CASE STUDY: McDONALD’S
Weather Eye brings McD’s right to your desktop
Agency head: Lorraine Hughes, president
Number of employees: 163 in Toronto, Montreal and Vancouver
Notable clients: Apple Canada, Campbell Soup Company, Federal Express, Frito Lay Canada, McDonald’s, PepsiCo
New business wins: Parmalat, AOL Canada, Pier 1 Imports, Wrigley AOR, Jagermeister, Royal Ontario Museum, Callaway Golf, Ministry of Economic Development and Trade (MEDT)
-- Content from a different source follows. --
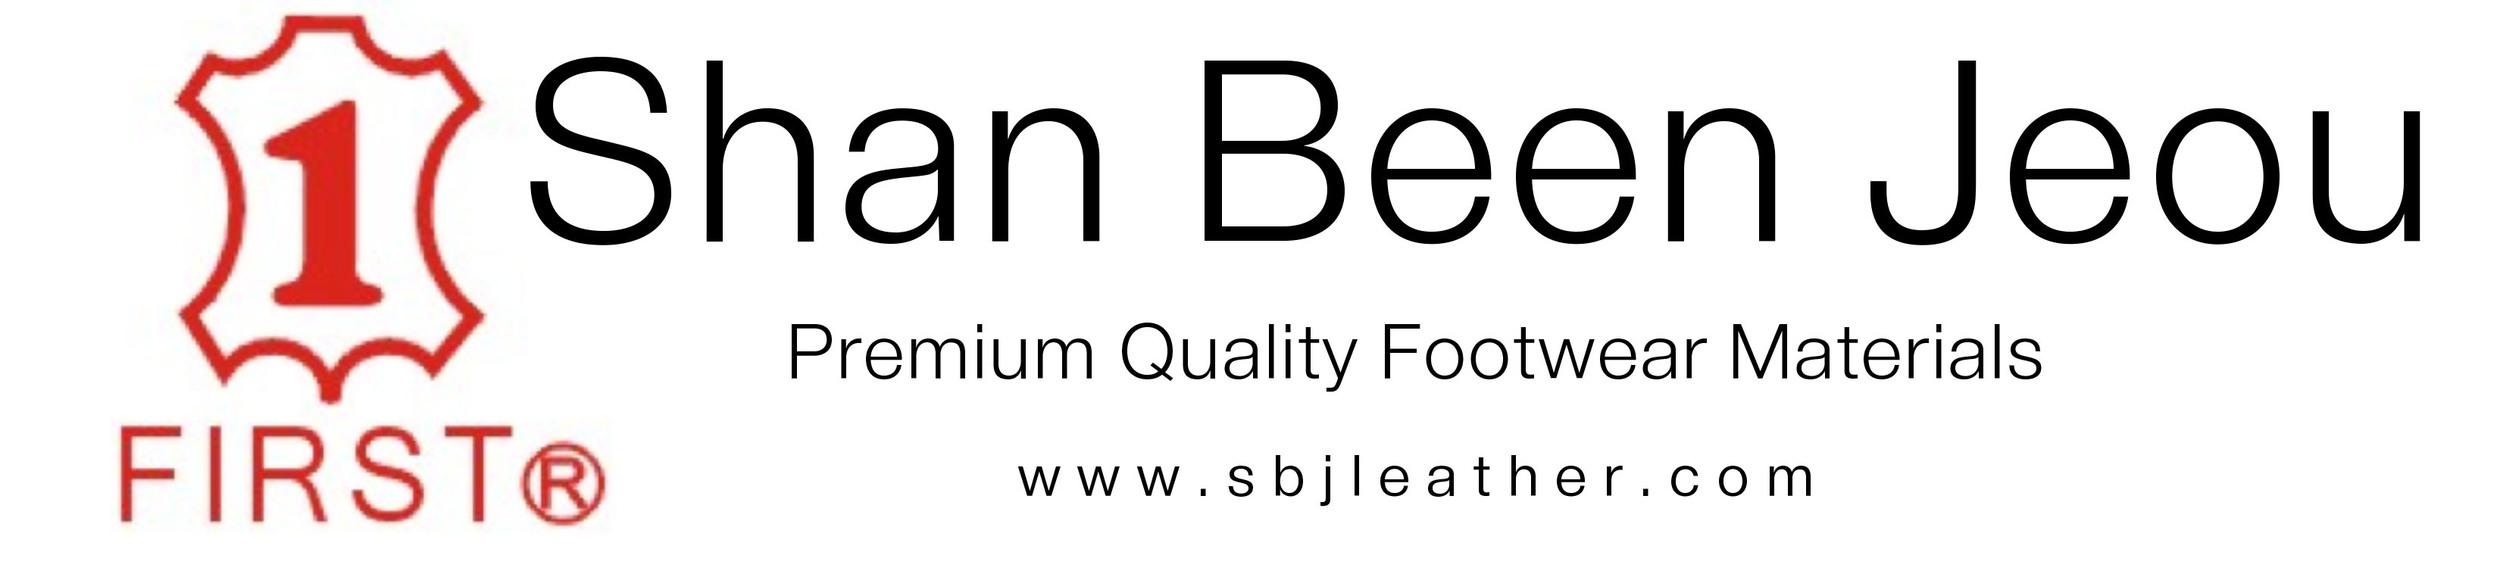 SBJ Header - PDF.jpg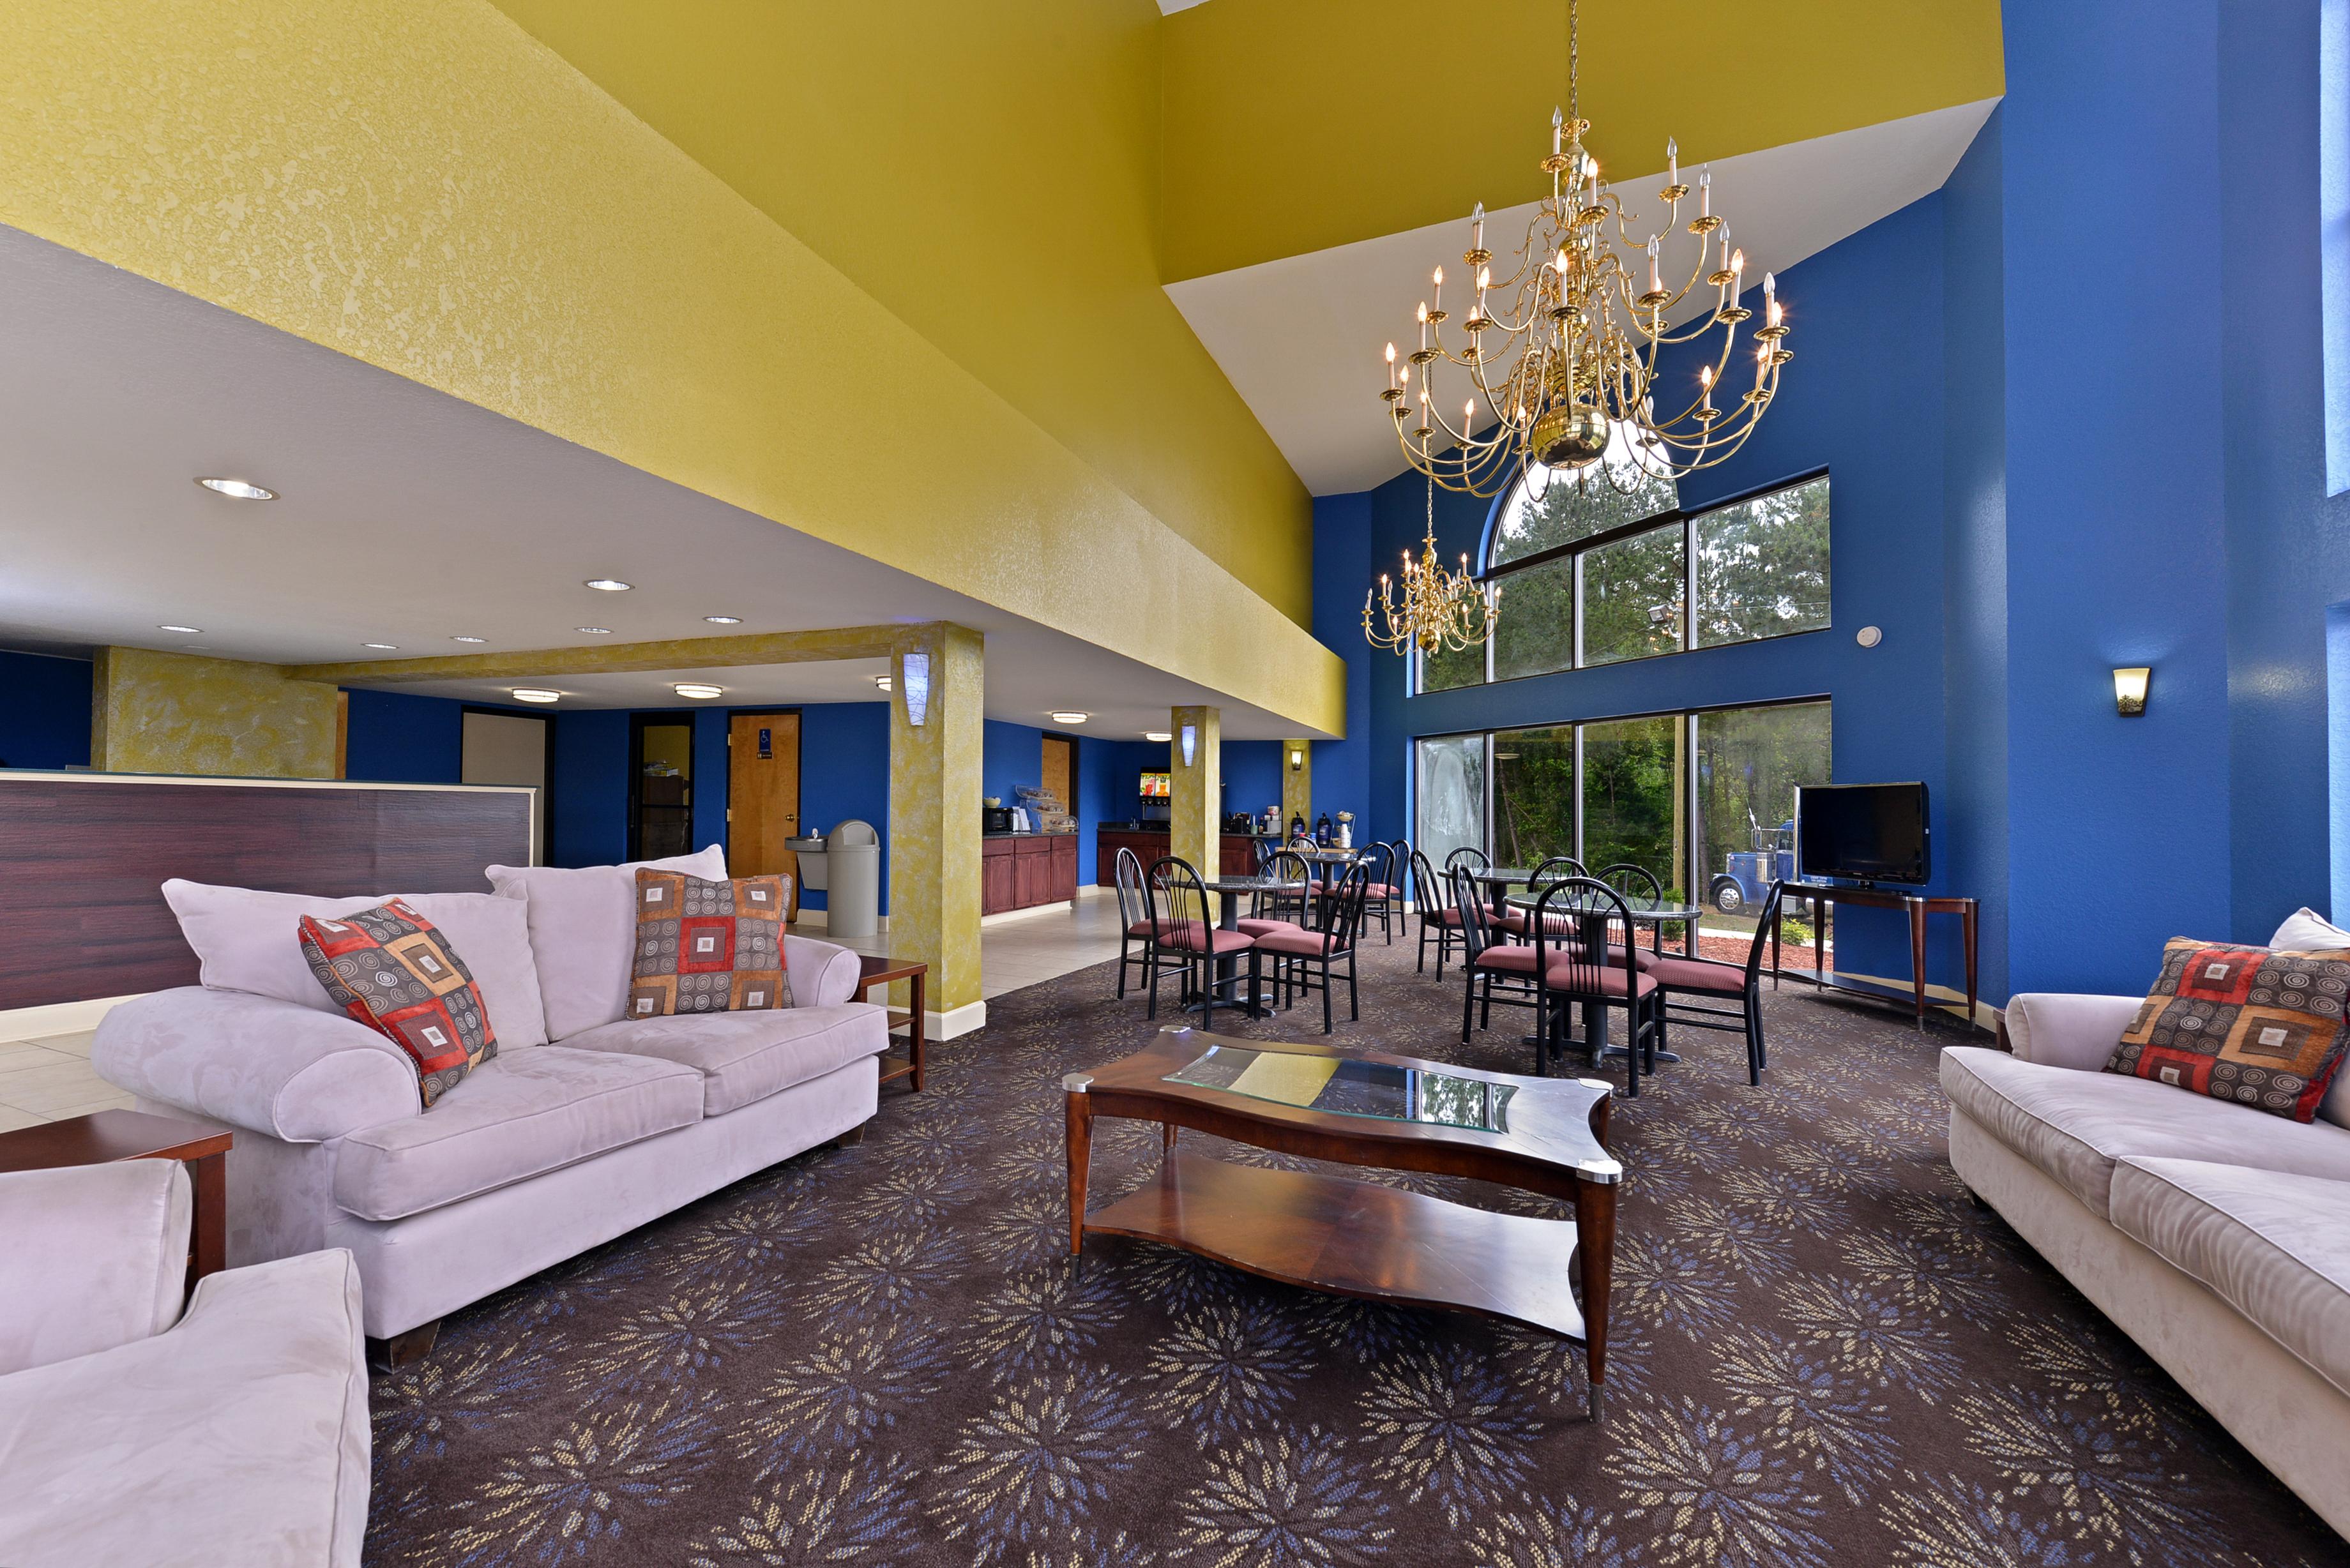 Lobby, America's Best Value Inn, Commerce, Georgia

Major losses: Saputo, Dairy Farmers of Ontario, Canadian Deposit Insurance Corporation
The goal
Weather or not to visit McDonald’s? OMD certainly hoped the answer would be yes, by creatively tying the chain’s menu to the day’s temperatures in an effort to encourage visits to the restaurant.
The strategy
OMD decided to leverage Canadians’ weather obsession with the Weather Eye, a desktop tool now on 350,000 Canadian computers, that offers weather info, distributed through the Weather Network’s Web site. You download it and then periodically a small window appears on your screen. You can click on it to go to the Weather Net site or, if ignored, it melts away after a few seconds. OMD brokered a sponsorship deal that ties in the McDonald’s menu item that best goes with the particular weather item that appears.
The execution
During four key ‘dining’ parts of the day – breakfast, lunch, dinner and late night – messages were timed to pop up: So on a summer’s day, with the temperature above 30 degrees, a message about McDonald’s soft-serve ice cream would show up on a viewer’s computer screen. OMD contends that this treatment created a new media space when McDonald’s capitalized on it in late spring. The Weather Eye hadn’t been sponsored previously.
The results
Usage has increased 20% since the campaign went live – and shows no signs of cooling down.